Подвернули попить к омутине — потемневшей и притихшей. В скрытности не было необходимости, как днем, из нее в ручей, давясь испуганным криком, ринулась с выводком кряковая утка.

И в то же время у нашего берега гулко плеснулась крупная щука.

— Эх, Володьшу бы сюда с жерлицами!.. — в который уже раз сегодня вспомнил Иван своего сына. Он долго смотрел на запад, где за увалом было село Пески, а я туда, откуда текла-струилась речка Крутишка. Оттуда моя память звала и бабушку Лукию Григорьевну, и отца Ивана Васильевича; с той стороны, из соседнего села Уксянки, показалось мне, глядела сюда мама. А может, она сердцем чуяла нас с братом здесь, на своей родине, на земле своего давнего-давнего детства.

Шадринский выводок

Озерко Ситовное, пожалуй, единственное по наволоку, куда не поднимается в паводок речная «белая» рыба: оно округлилось зеркалом в ивняково-рогозовой оправе на лесистом холме, и потому водится в нем только желтый, с красно-медными плавниками карась.
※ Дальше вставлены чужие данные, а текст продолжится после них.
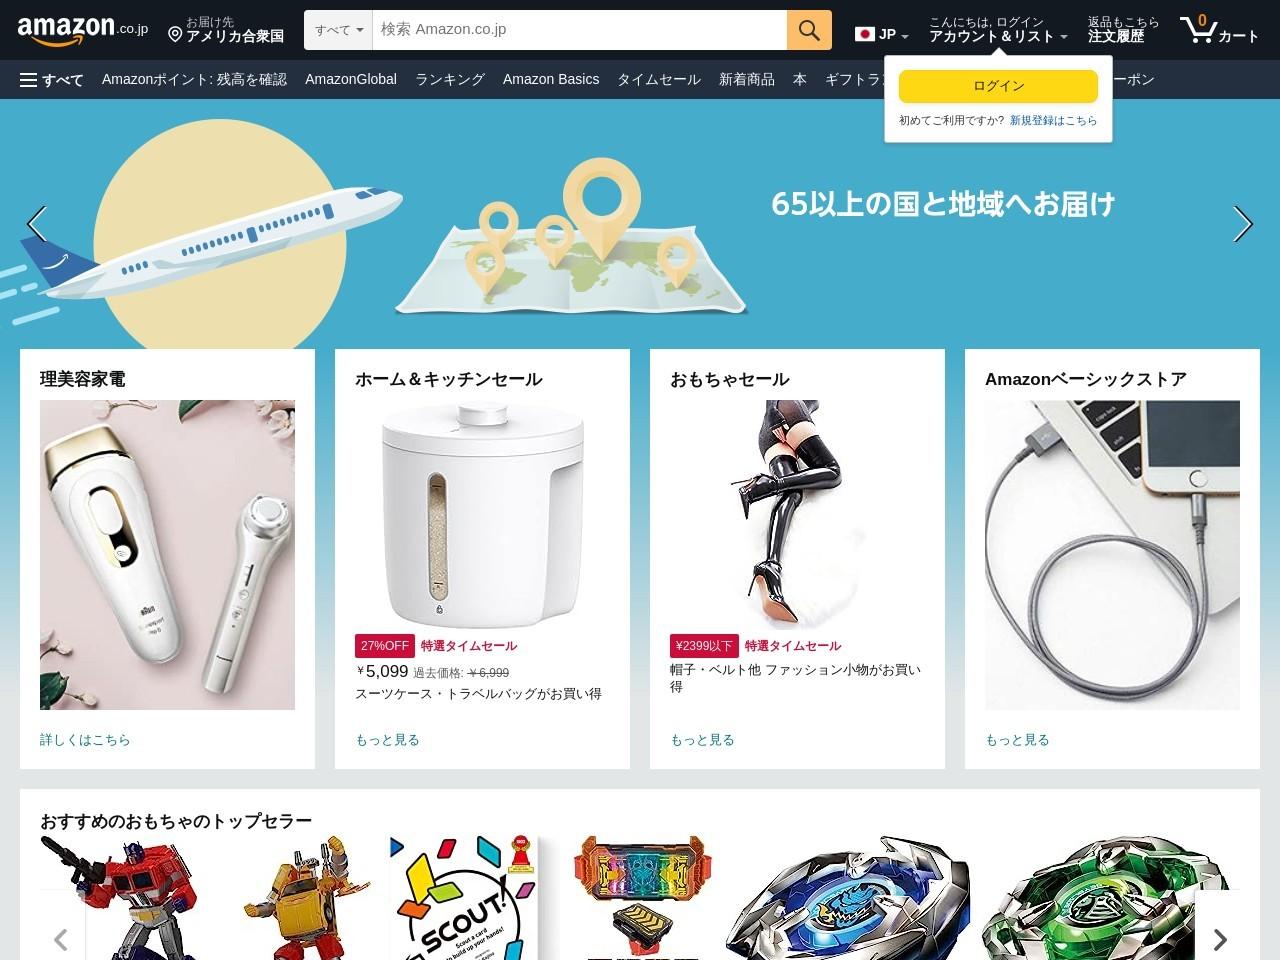 Amazon.co.jp ヘルプ: 誤って購入した注文をキャンセルする

Да не какой-нибудь недоросток, а от фунта и до трех весом, и ловится он не «ситом» — мелкоячеистыми сетями, а четырех- и семипалошными. Десятки проточин, стариц и ручьев междуречья Исети и Течи понуждают рыбачить на Ситовном по старинке: пешим ходом, а карась не лезет в сети «дуром», поэтому и вовсе ненаживная рыбалка. Но вот это редкое уединение и безлюдье как раз по душе деду Ивану Шадрину, и он упрямо избегает ближней и более добычливой Лобовской озерины.

— Эко место! — возражает Шадрин своей жене, когда та нет-нет да и заворчит: «Ну чего, чего ты привязался к тому озерку?! Такая даль от Долматово, все пешим и пешим, все с ночевой, а здоровье год от году плоше. Помрешь тамо, старый, где и кто тебя сыщет?»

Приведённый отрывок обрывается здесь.